- Born: Matthew Smith 1893 Oldham, England
- Died: February 25, 1958 (aged 63–64) Miami Beach, Florida, USA
- Occupation: National Secretary of the Mechanics Educational Society of America (1933–1958)
- Spouse: Dora Smith

= Matthew Smith (labor activist) =

Matthew Smith (1893 - February 25, 1958) was a labor activist in England and the United States. In 1933, he helped found the Mechanics Educational Society of America (MESA), which he served as national secretary of the group from 1933 until his death in 1958. Though he resided in the United States from 1926 until his death, he refused to apply for the U.S. citizenship and instead saw himself as "...an internationalist, a citizen of the human race."
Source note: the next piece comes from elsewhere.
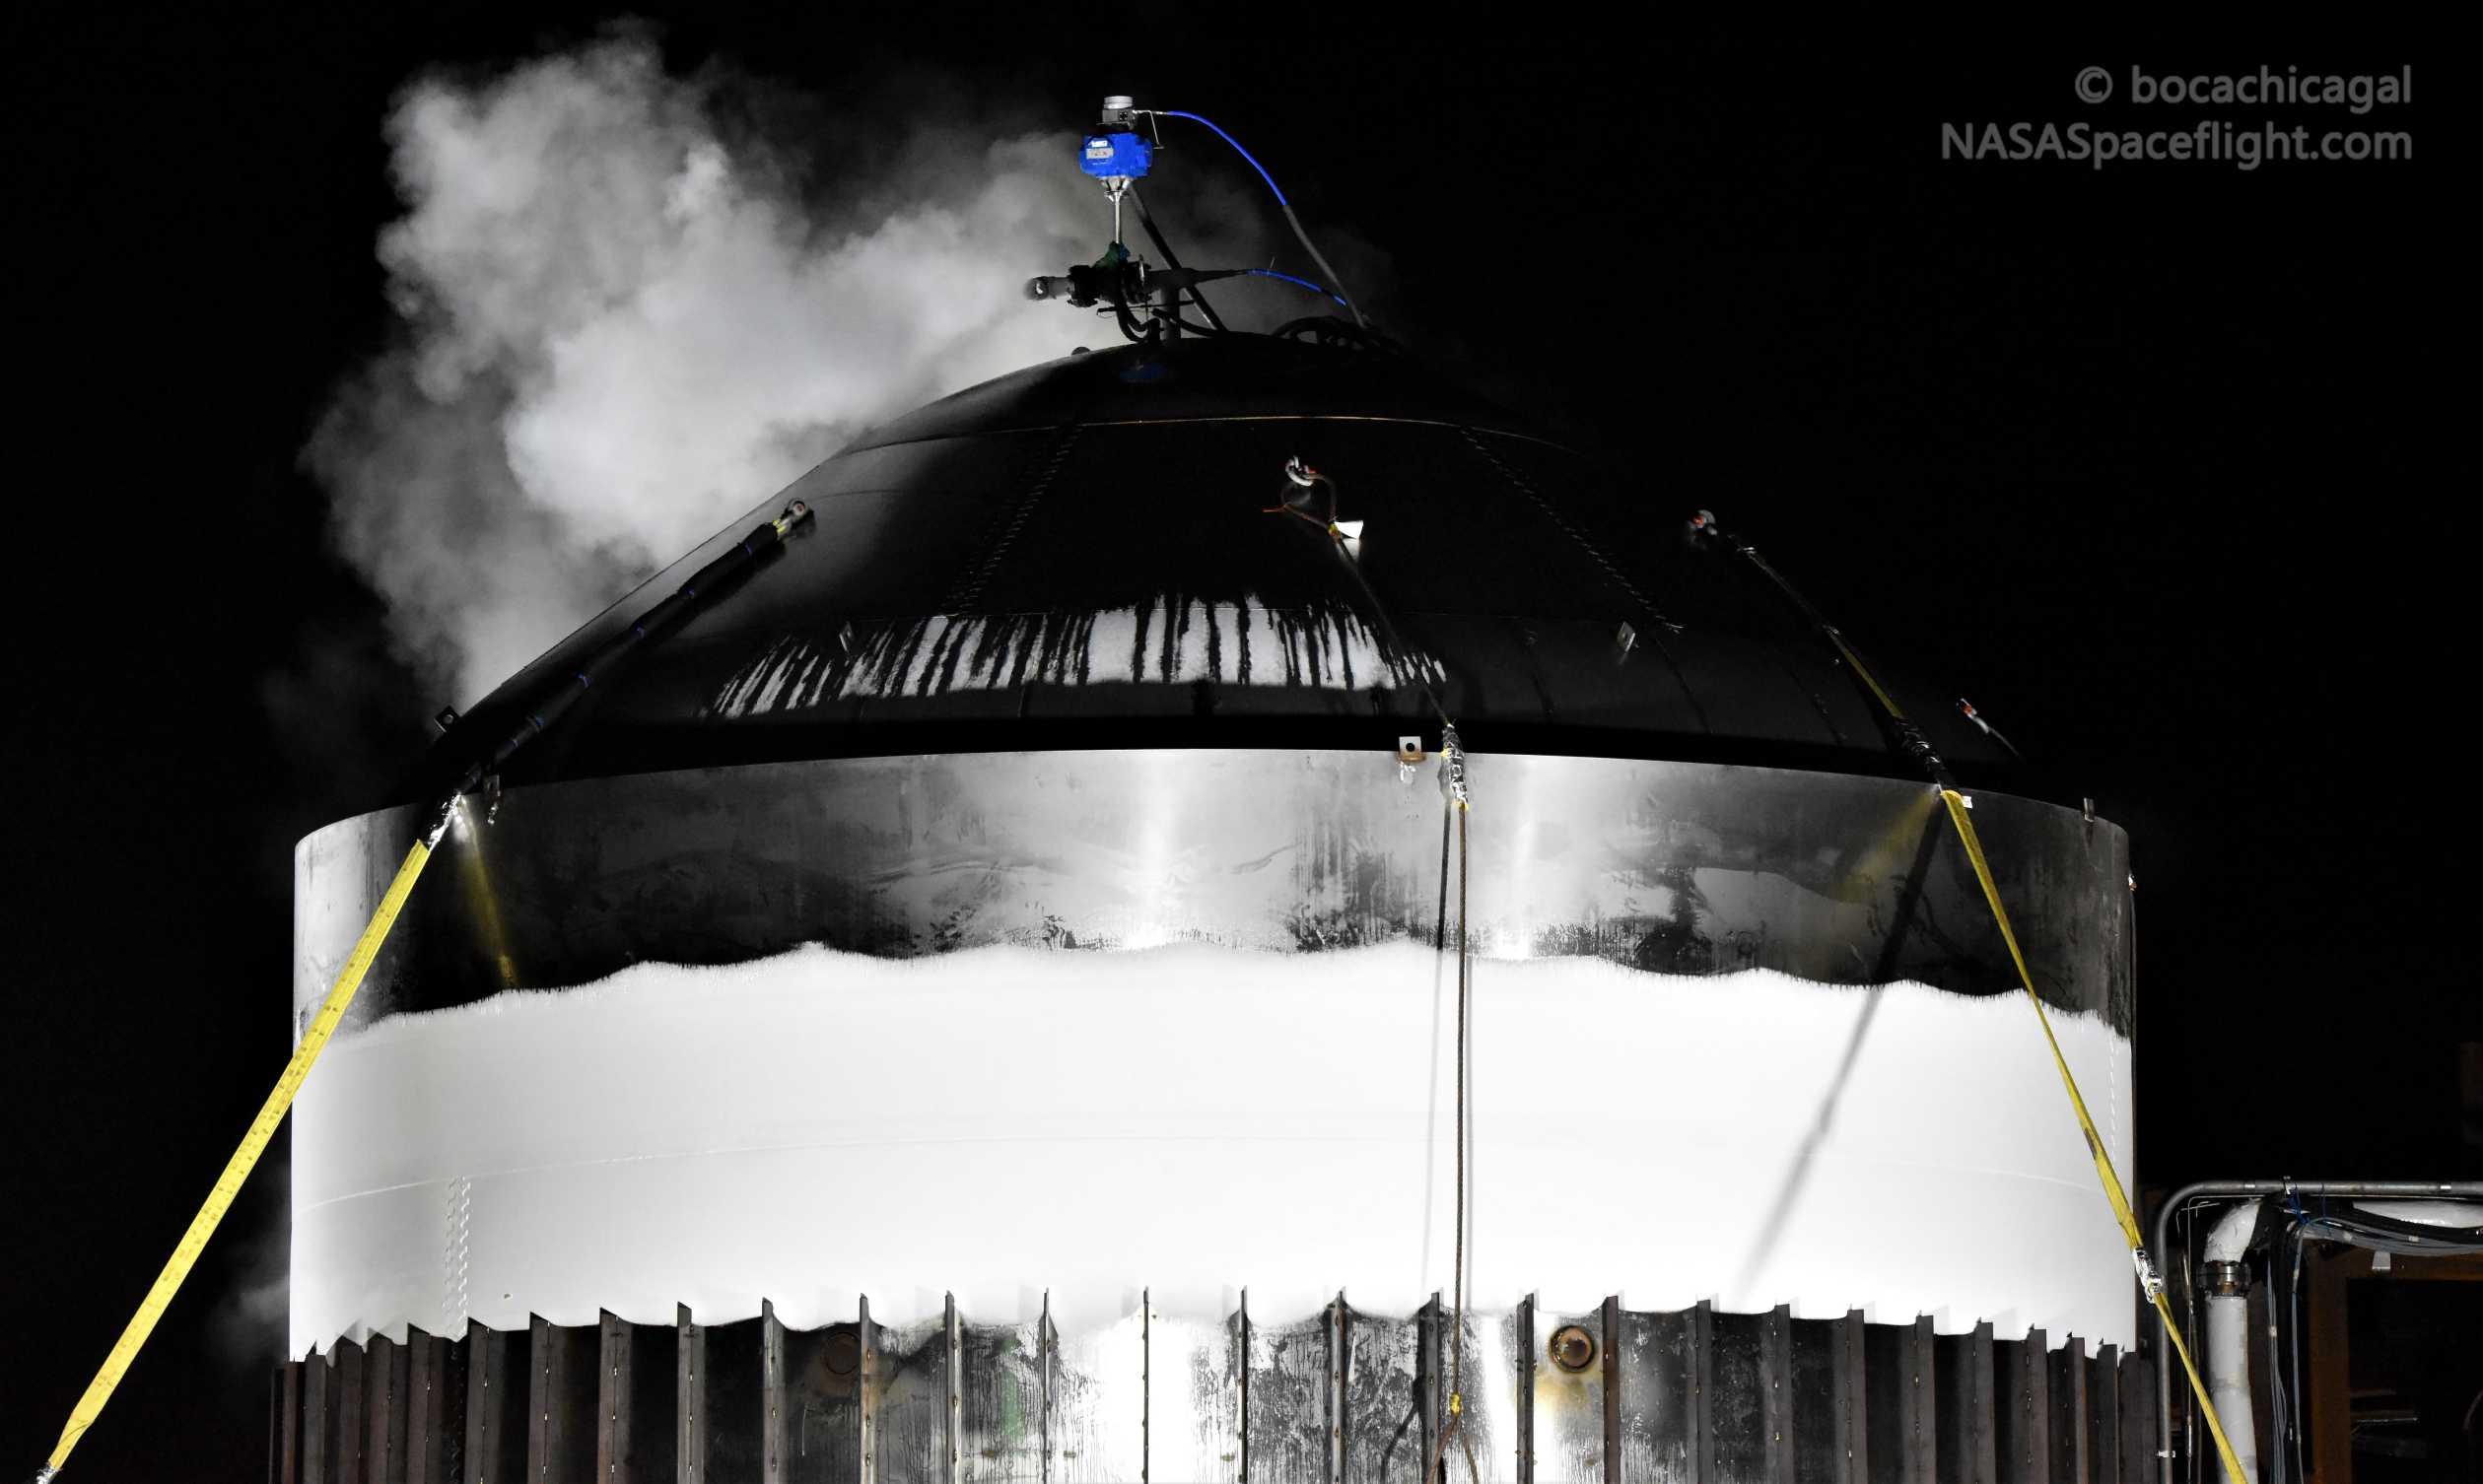 Starship Boca Chica 012820 (NASASpaceflight – bocachicagal) frosty test tank #2 4 (c)

As a socialist and pacifist, he opposed involvement in both World War I and World War II.

==England==
Smith was born in Oldham and worked in the English textile district of Lancashire. A skilled metalworker, he was part of the Shop Stewards Movement which opposed the production of munitions for the First World War. Opposed to the war, he went to jail for opposing the draft despite the exemption of men with his skill set having to fight. After participating in the failed 1926 general strike, Smith and his wife Dora emigrated to Canada in the same year. In 1928, they moved again to the United States, settling in Detroit.

==United States==
In the United States, Smith resumed his radical pro-labor activities and eventually met socialist lawyer Maurice Sugar. Smith helped form the Mechanics Educational Society of America in February 1933 and Sugar served as its lead counsel during its initial strike in Flint, Michigan in September 1933. Founded among skilled tool and die workers in Detroit's automobile industry, MESA was known for class-conscious militant unionism which opposed the craft union-dominated American Federation of Labor.

In July 1938, the Smith-led MESA rejected an invitation to merge with the recently organized Congress of Industrial Organizations, citing "fundamental differences in policy" while also arguing the CIO's established union in the auto-industry, United Autoworkers (UAW), was run by a "quasi-dictatorship." In 1942, he helped organize and was named chairman of the Confederated Unions of America, which sought to form a third labor federation which was opposed to both the American Federation of Labor and the Congress of Industrial Organizations. At the time of its founding, its membership included 35 unions or associations and 260,000 members.

Smith died in February 1958 in Miami Beach, Florida of a heart attack. His wife, Dora, had died three weeks prior.